The master plan made provision for a new hospital to replace Crawley Hospital in West Green. Despite support from the Corporation and Crawley Urban District Council, the regional health authority decided that the existing hospital should be extended and modernised instead. The Corporation had no responsibility for health clinics: these were built by West Sussex County Council, as were the police and fire stations.

==Later years and dissolution==
In 1959, the Corporation's chief executive Colonel Turner left. A year later, Thomas Bennett—who with his "enthusiasm and energy ... left his stamp on the town"—resigned. Within 13 years, he had carried out his aim of turning Minoprio's master plan into reality. "Inflexible, dogmatic and highly successful", his influence ensured that the 15-year growth and other targets set in 1947 were met or exceeded. Few major projects remained, and the local council was able to take responsibility for the remaining needs of the developed community, which by the early 1960s had grown to 59,000 people. The New Towns Act 1959 created a national Commission for New Towns, whose responsibilities were similar to those of the original Development Corporations; accordingly in 1962, Crawley Development Corporation was wound up and the Commission acquired its assets. It was also granted some of the Corporation's former powers.

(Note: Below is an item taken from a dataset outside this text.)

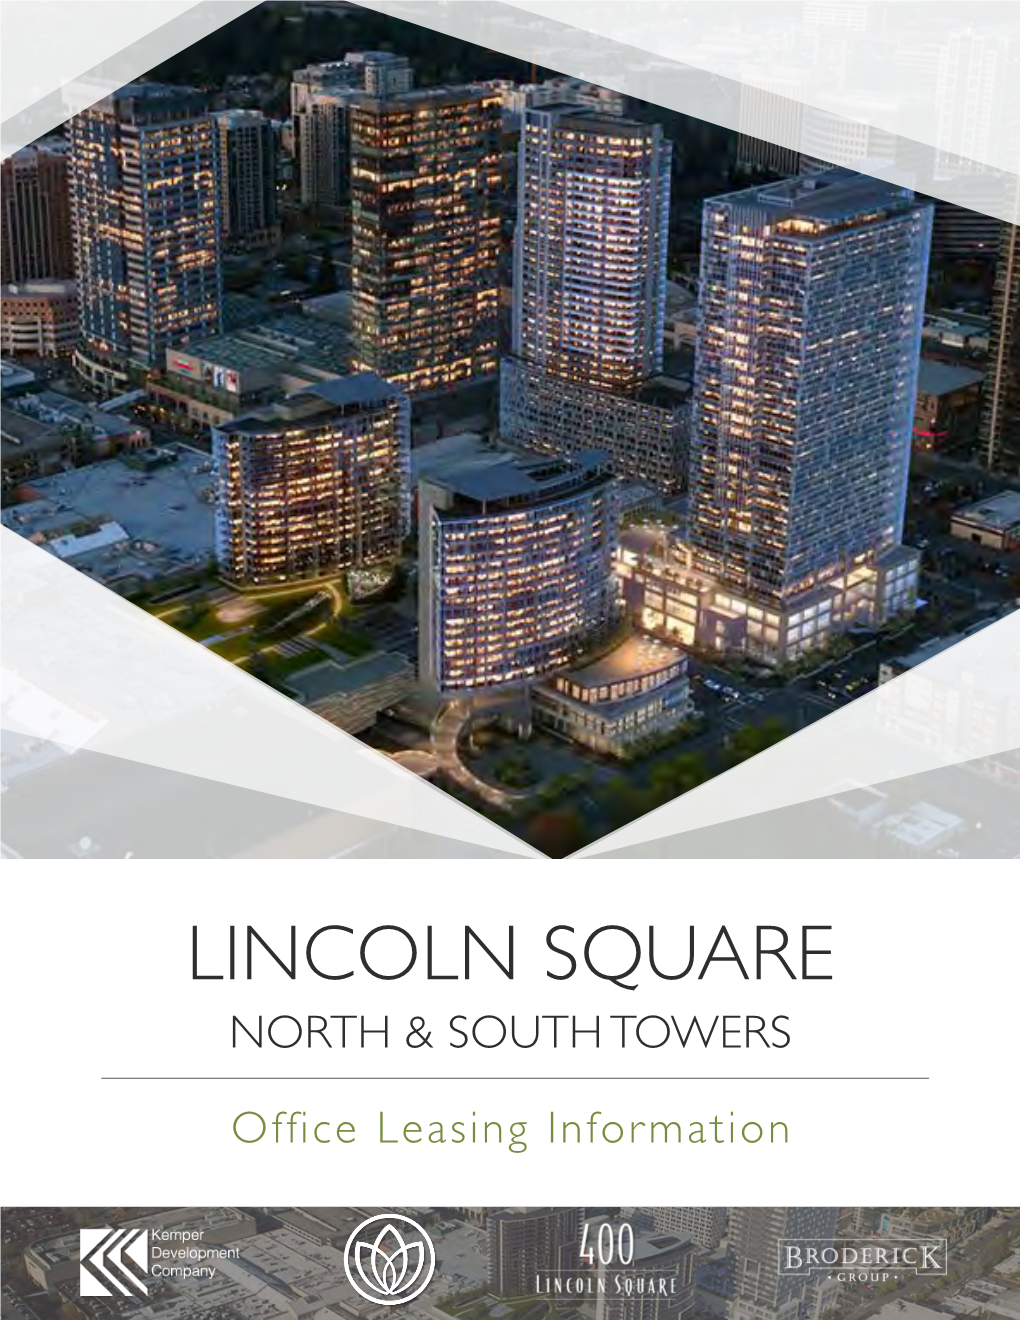 Lincoln Square North & South Towers

The form and function of modern Crawley are closely linked with the Development Corporation's actions during its 15-year existence. The layout of the urban area conforms closely to the master plan, and Crawley's continuing status as an important regional commercial and industrial centre is attributable to the work done by the Corporation in attracting outside firms and providing suitable sites for them. Other aims have not been met so successfully. The Corporation originally aimed to define a firm boundary for the urban area, preventing additional development and preserving the green belt (whose extent was marked on the master plan). Since 1962, the original nine residential neighbourhoods have become 13 with the addition of Furnace Green, Broadfield, Bewbush and Maidenbower, and the rapid growth of Gatwick Airport from the late 1950s meant that more land was needed for its dependent industries. The airport, previously in Surrey, was brought within Crawley's boundary in 1974, extending the urban area northwards.

==Coat of arms==
Crawley Development Corporation was granted a coat of arms in 1951. Its official heraldic description is "Or, on a fesse gules between three crows sable, three chevronels interlaced argent, all within a bordure azure charged with sixteen martles or". The crows relate to the etymology of Crawley's name: by the 5th century, the area was known as Crow's Leah—a crow-infested clearing. The martlet, a mythical swallow-like bird with no feet, has been an emblem of Sussex since the 17th century or earlier. Elements from the coat of arms were used in some of the street names of the Broadfield neighbourhood when it was built in the 1970s.